Don’t wait for the context window to fill. Periodically ask the agent to summarize progress during long tasks. These mid-session checkpoints catch misunderstandings early and give you a recovery point if something goes wrong later.

How It Plays Out

A developer is debugging a concurrency issue that spans five modules. After ninety minutes and hundreds of messages, the agent starts repeating suggestions it made an hour ago. That’s the tell: the early context has scrolled out of effective memory. The developer asks the agent to compact: “Summarize what we’ve tried, what we’ve learned, and what we should try next.” The summary captures three failed hypotheses, two promising leads, and the current state of the code. The conversation picks up from the summary with renewed focus.

Example Prompt

“We’ve been working on this for a while and the context is getting long. Summarize what we’ve accomplished, what’s still broken, and what approach we should try next. Then continue from that summary.”

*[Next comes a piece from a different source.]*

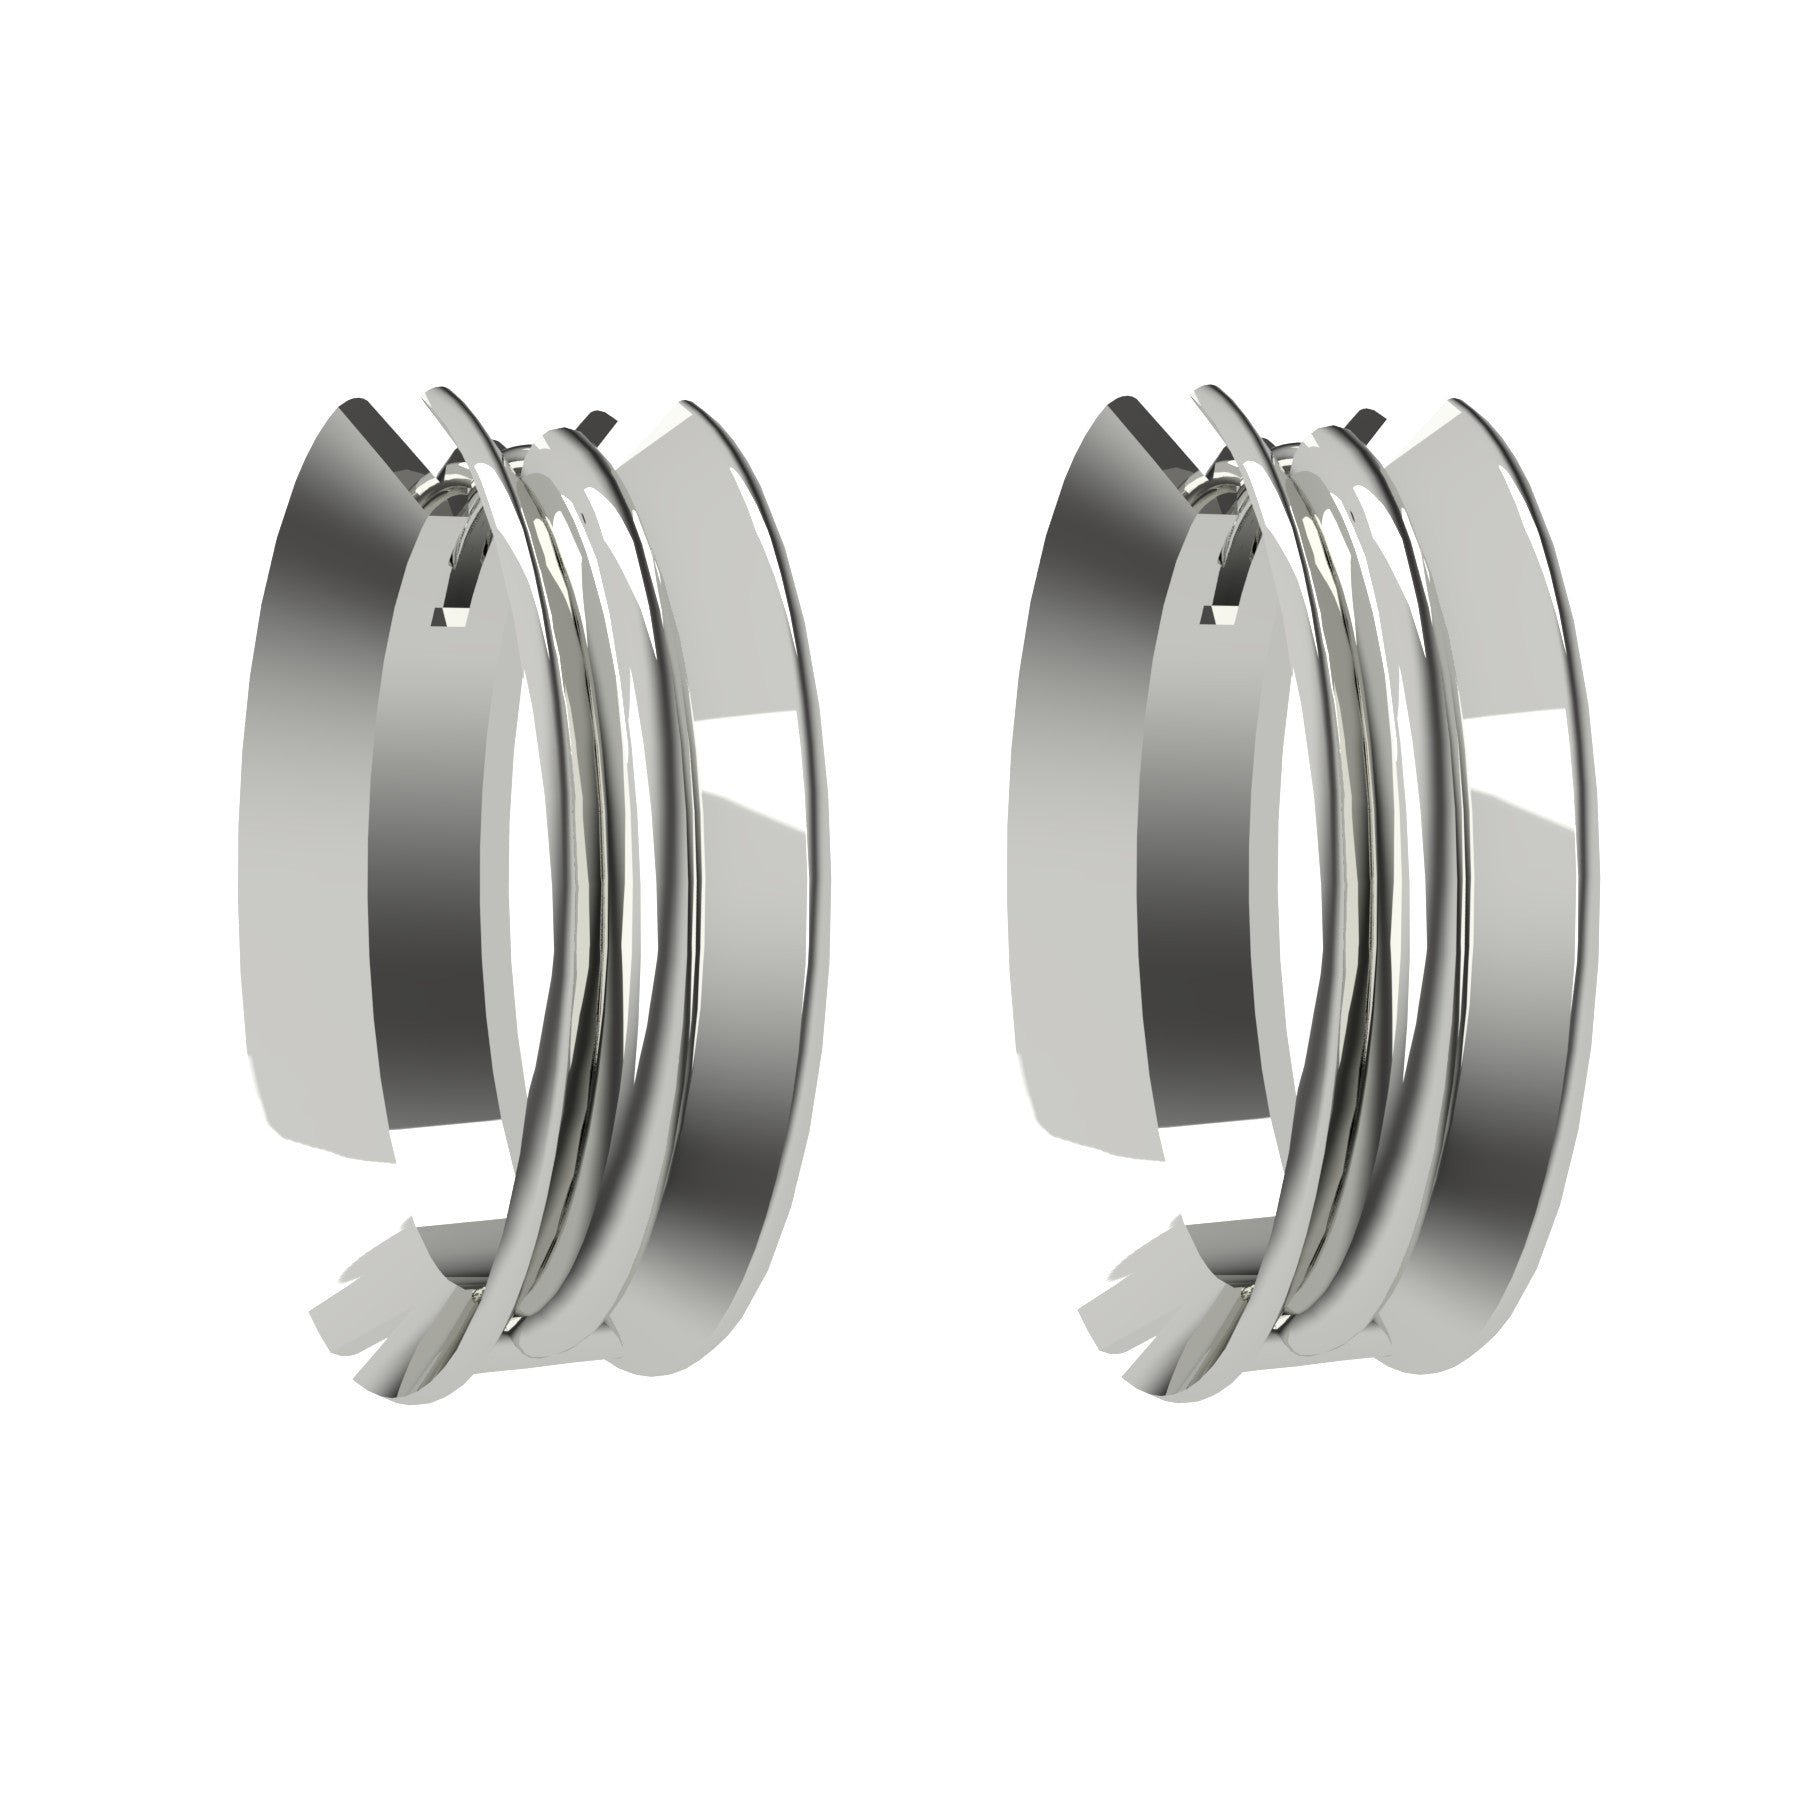 bobo oval earrings, 18 K white gold, weight about 10,9 g (0.38 oz), size 23,5x13,8x8 mm 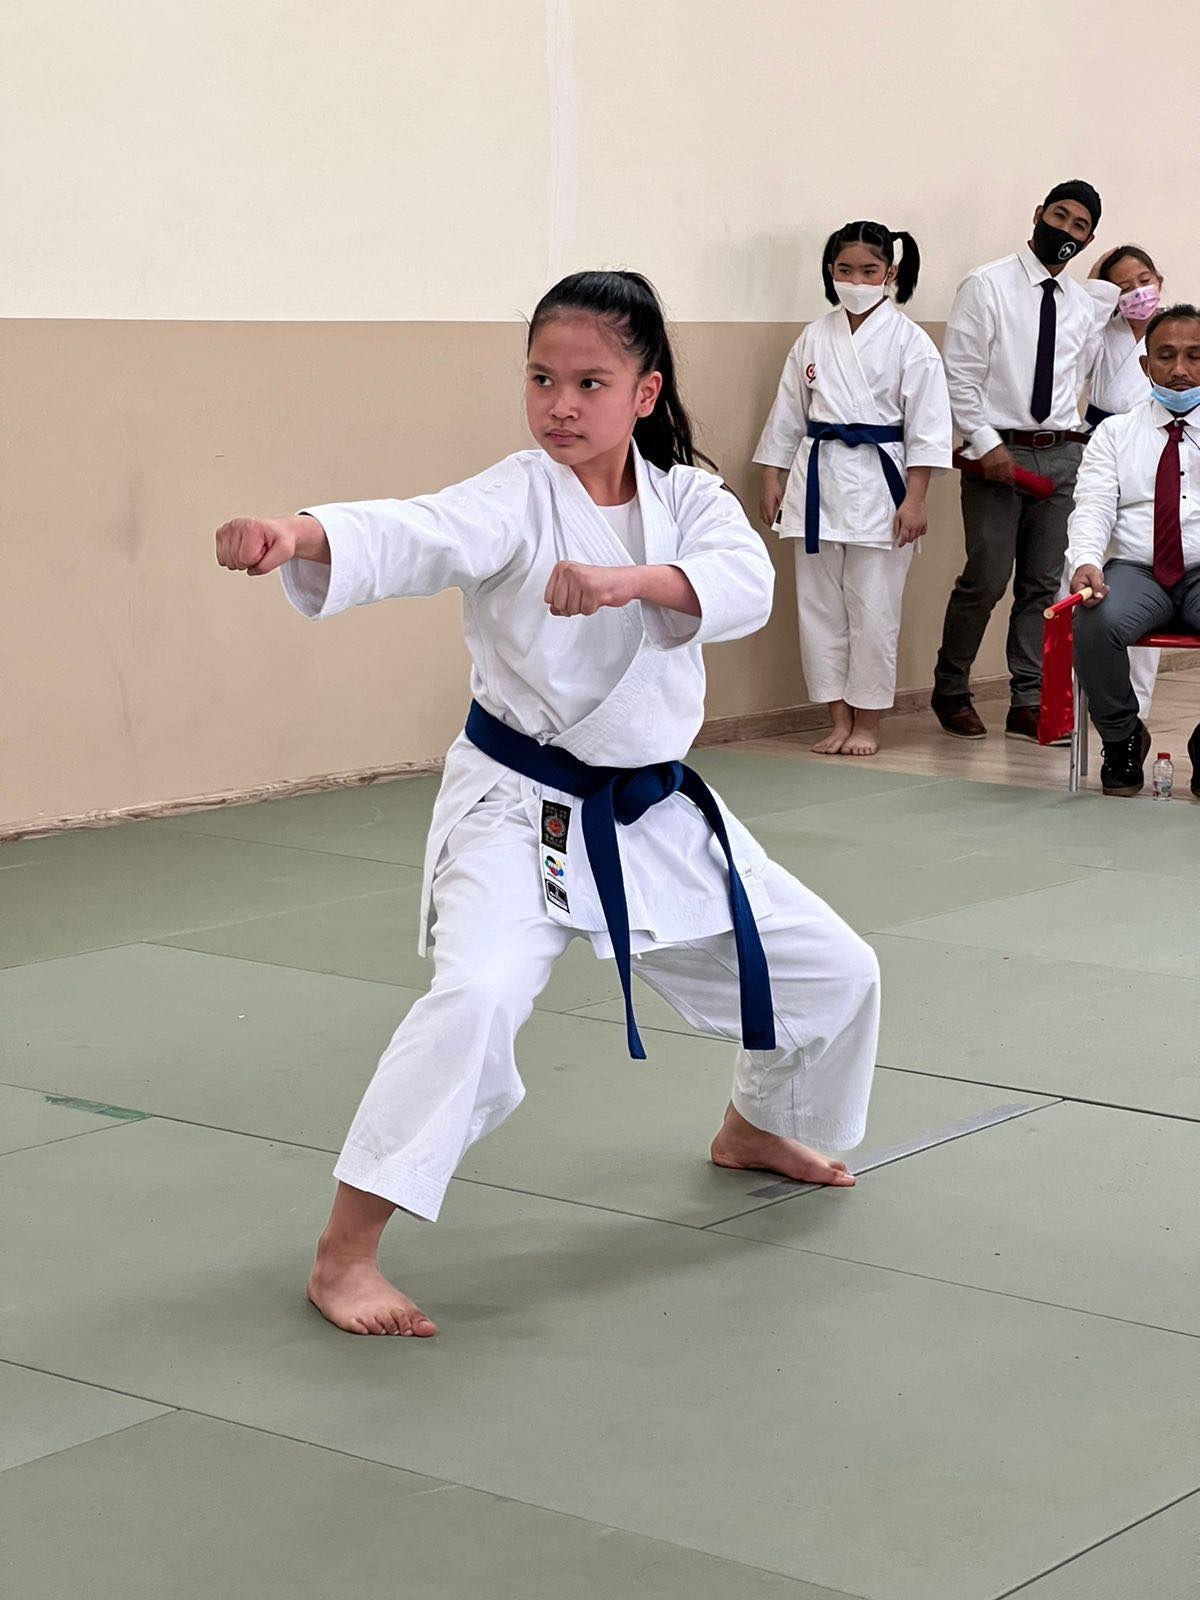 SKIF undefeated player who participated in 4 tournaments - Chantal Yuri in action - kata category

Automatic compaction is less dramatic but more common. A harness detects that the context has reached eighty percent capacity and compacts in the background. It keeps the current task description, the list of modified files, recent test results, and the active plan. Older exchanges get condensed to a few sentences each. The agent keeps working. The developer may not even notice it happened.

Consequences

Compaction extends the useful life of a conversation, letting complex tasks proceed without losing all accumulated context. It’s most valuable for tasks that resist decomposition into independent subagent subtasks, where the work is genuinely sequential and each step depends on the previous one.

The cost is information loss. Summarization discards detail. A fact that seemed unimportant at compaction time may prove critical later. You can mitigate this by keeping summaries thorough about decisions and state, even at the expense of verbosity, and by maintaining a progress log outside the conversation as a durable backup.

Sources

The concept of compaction as conversation summarization emerged from the agentic coding community in 2024-2025 as context windows became the primary bottleneck in extended agent sessions. Anthropic’s Claude Code introduced automatic compaction with configurable thresholds, establishing the pattern of harness-managed context recycling. The term draws an analogy from database compaction (merging and deduplicating stored data), applied to the conversational context that accumulates during agent work.

  • Depends on: Context Window – compaction addresses context window limits.
  • Contrasts with: Thread-per-Task – starting fresh is the alternative to compacting.
  • Enables: Progress Log – compaction summaries can feed the progress log.
  • Uses: Context Engineering – compaction is a context engineering technique.
  • Depends on: Harness (Agentic) – many harnesses perform compaction automatically.